Everything good that director Andrew Stanton brought to the lauded “WALL-E” in 2008 is completely absent in the dreadful “John Carter,” a frustrating, soulless sarcophagus of a movie that feels even longer than its already bloated 132-minute length. Released one century after Edgar Rice Burroughs’ primary source material “A Princess of Mars” began its serial debut in the pulpy “The All-Story,” “John Carter” was nearly made into an animated feature pitched by legendary artist Bob Clampett in the 1930s (a brief glimpse of Clampett’s test footage can be found on YouTube). The “John Carter” we get unspools like the doughy offspring of George Lucas’ “The Phantom Menace,” and never escapes the affectation of a copy of a copy of a copy.

Civil War-era Virginian John Carter (Taylor Kitsch), presumably hunting for gold in Arizona, stumbles upon the means to teleport himself to Mars, and there encounters a convoluted political struggle pitting several factions and species against one another.

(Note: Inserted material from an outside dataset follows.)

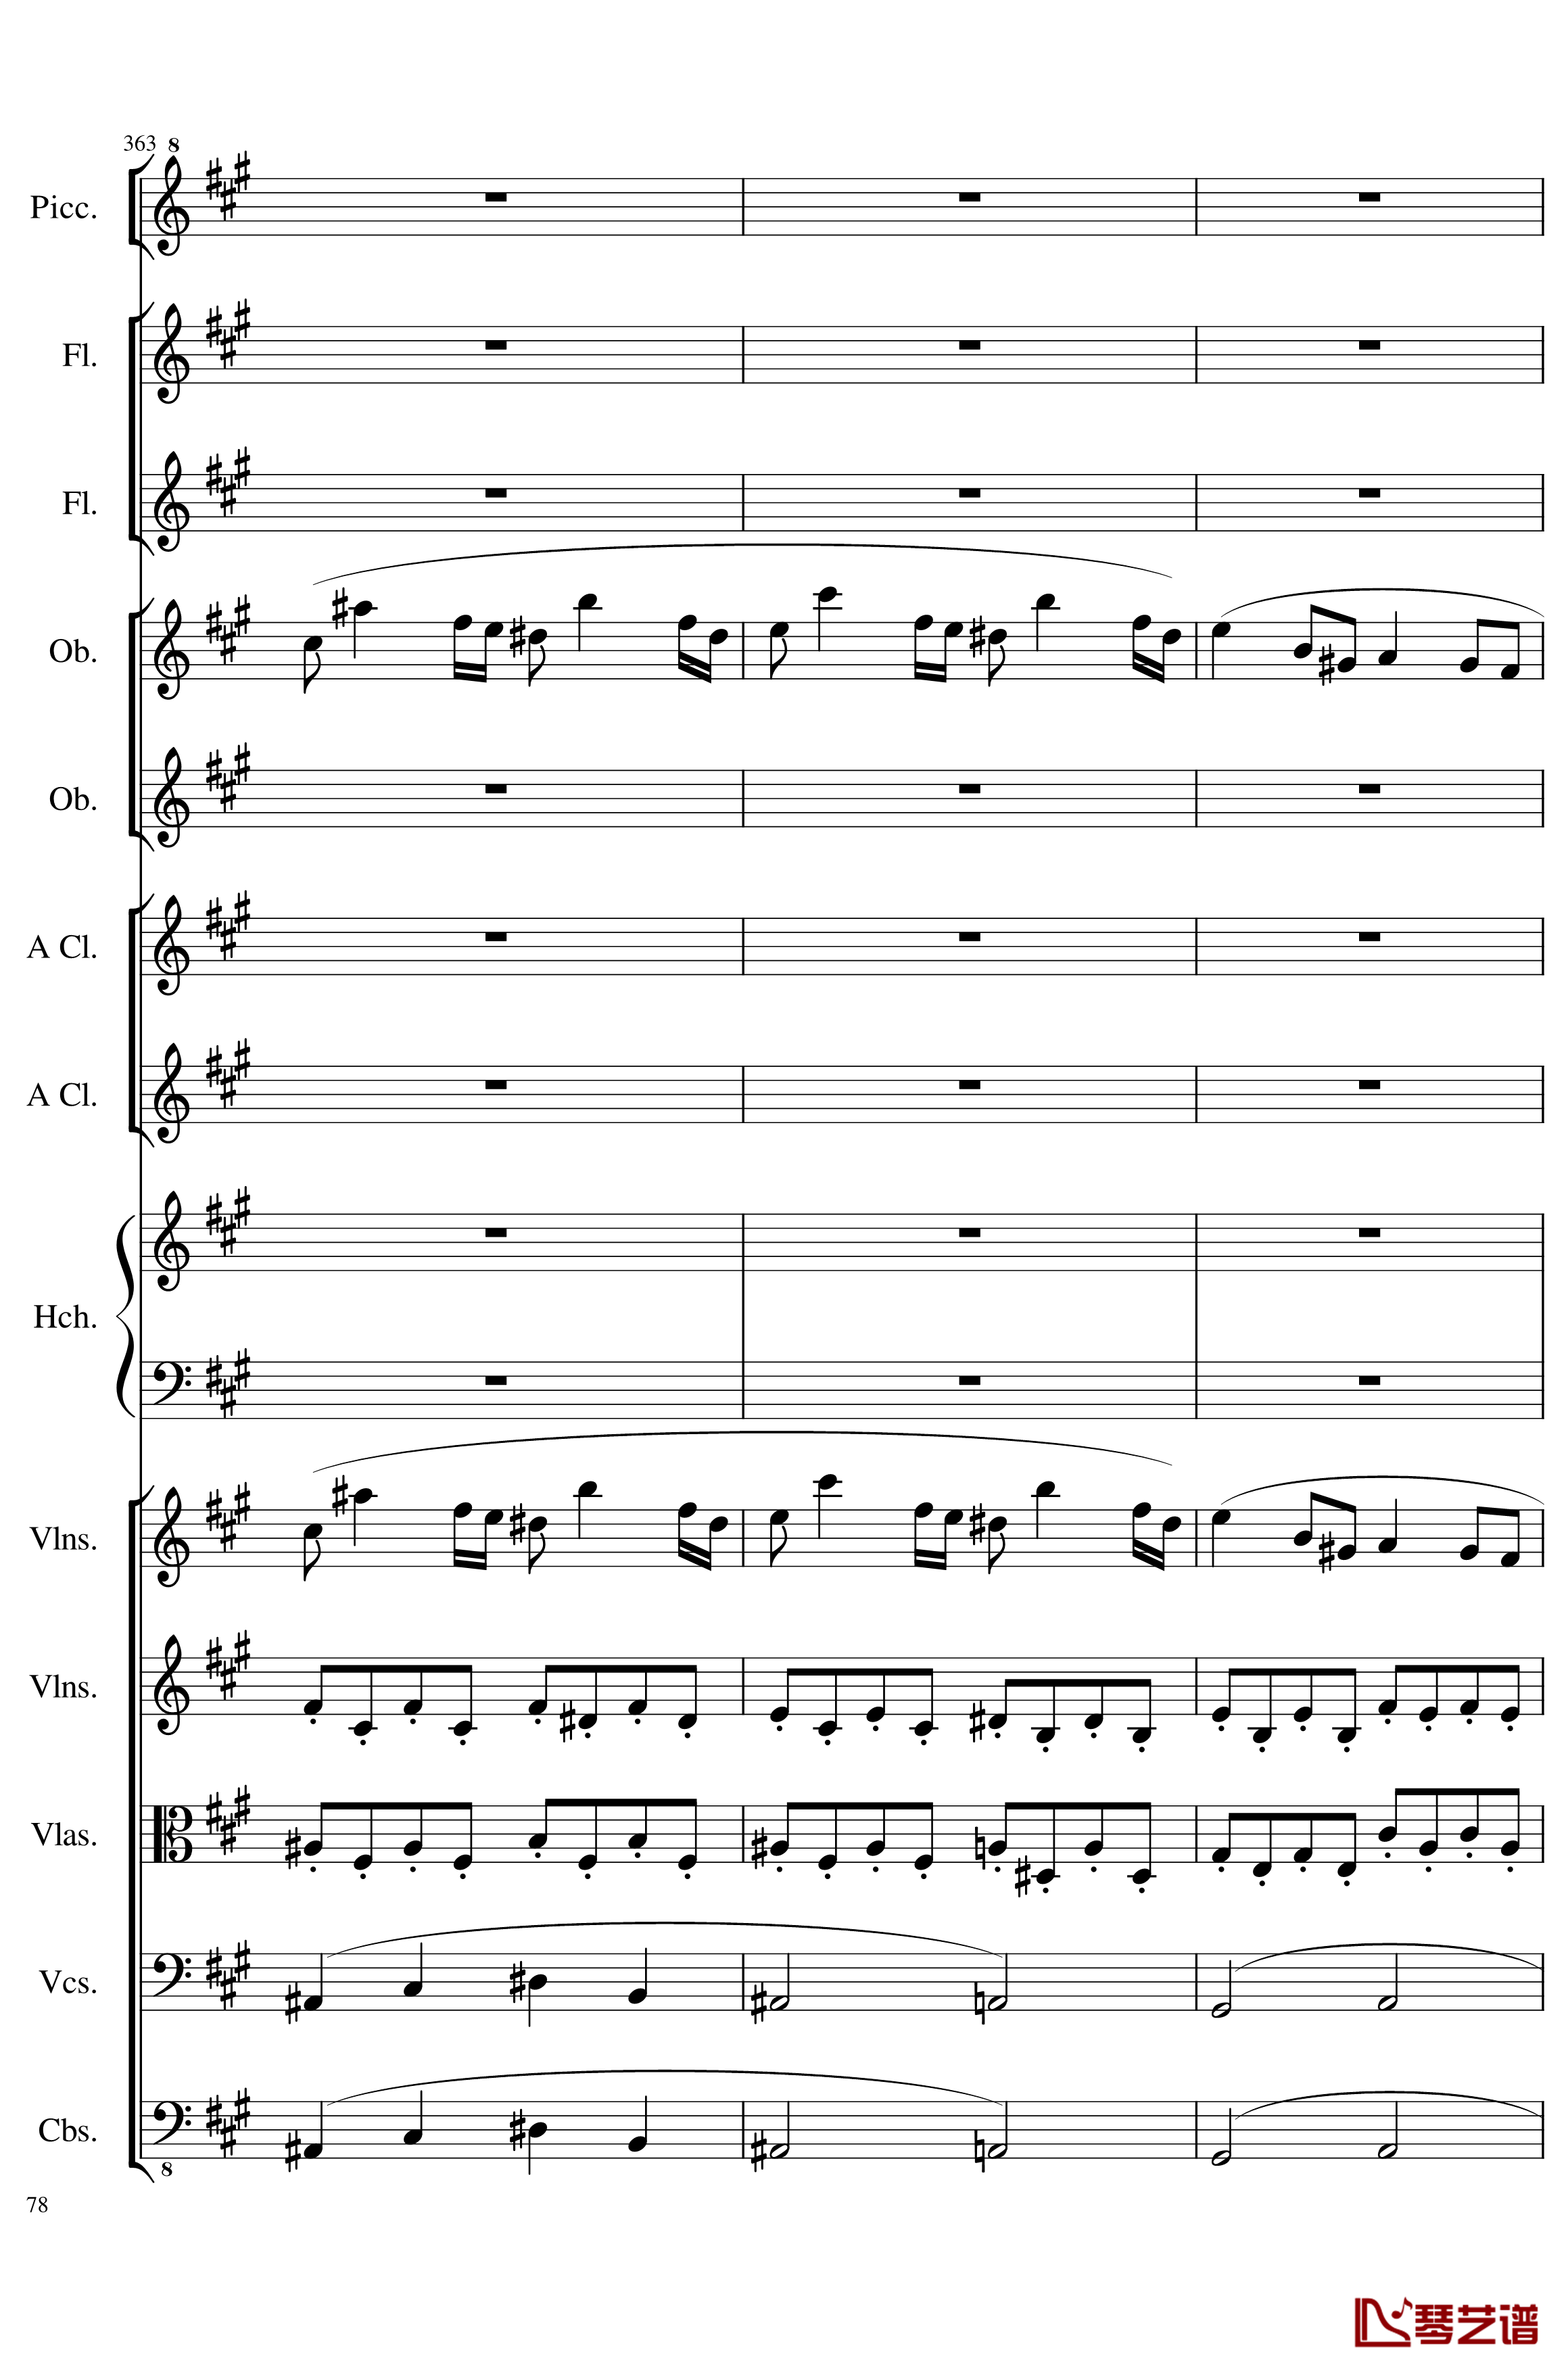 7 Contredanses No.1-7, Op.124钢琴谱-7首乡村舞曲，第一至第七，作品124-一个球78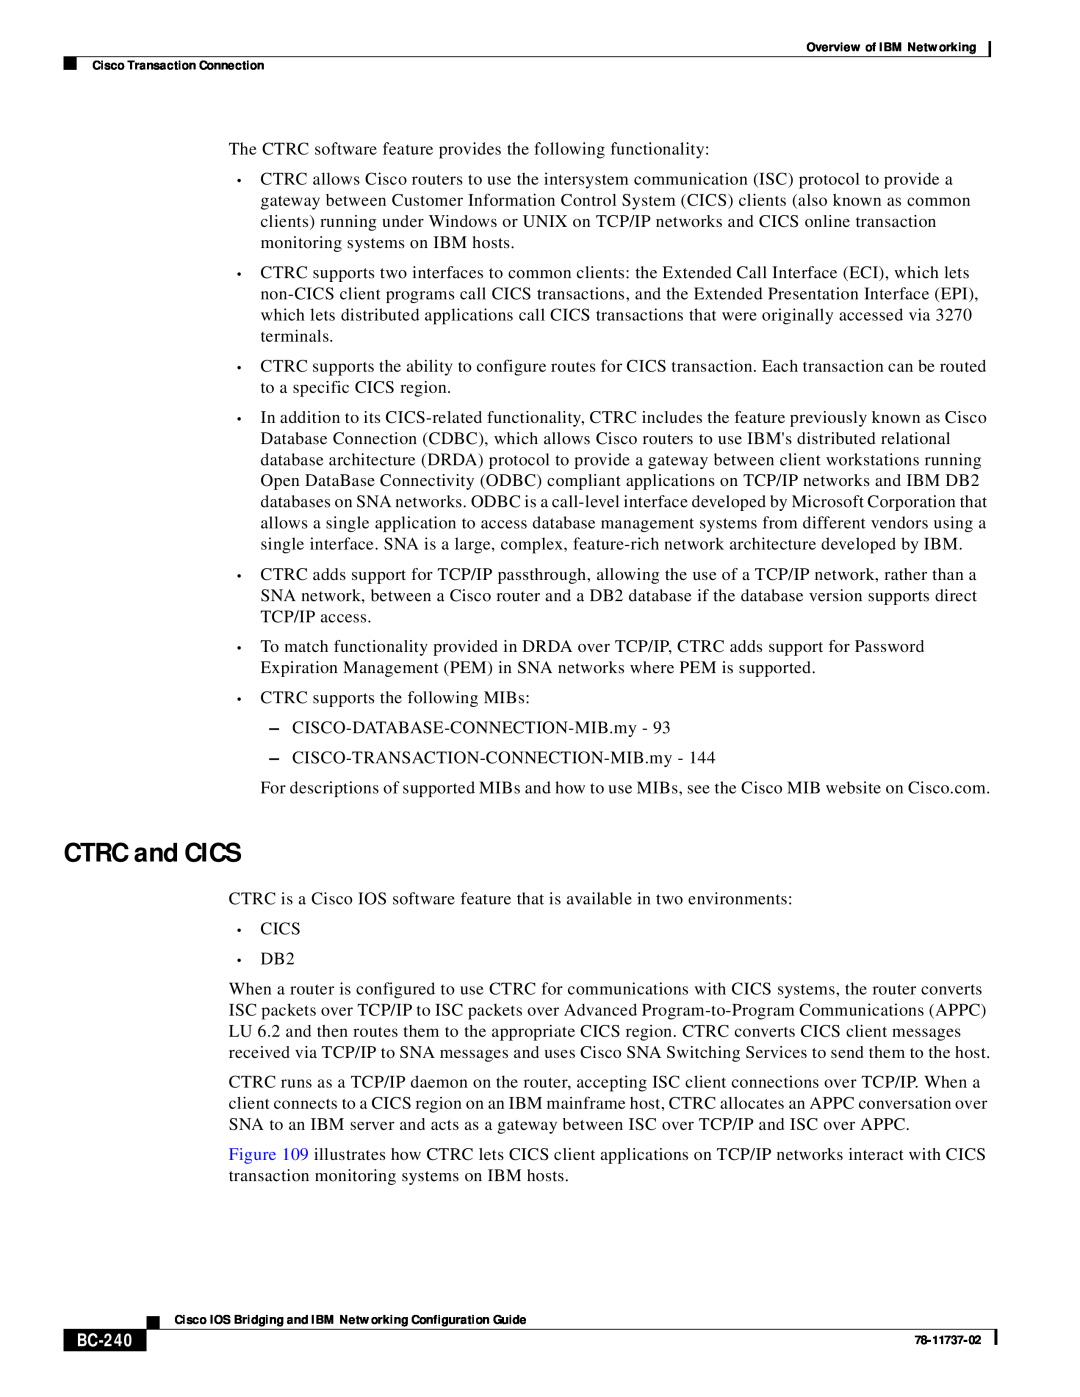 IBM BC-201 manual CTRC and CICS, BC-240

Allegiances shift with little explanation, and Carter – along with the viewer – hurtles himself headlong into the fracas without stopping to ask any substantive questions. Inexplicably, Stanton pauses for flashback scenes in which Carter recalls the loss of his family on Earth, the shots bearing an eerie resemblance to similar components in “Cowboys & Aliens.”

So much of what resembles story development in “John Carter” rolls by without any differentiation in emotional urgency that every single scene blends together in a kind of cinematic white noise. Carter’s humanness allows him to negotiate the gravitational fields of Mars like a miraculous flea, but the computer-enhanced weightlessness only calls to mind the same ridiculous gag in Ang Lee’s stupefying “Hulk.” The four-armed mantis-esque alien race known as Tharks (voiced by talents like Willem Dafoe, Samantha Morton, and Thomas Haden Church) aren’t as pretty as James Cameron’s Na’vi, despite the similarities in their height and impossibly svelte waistlines.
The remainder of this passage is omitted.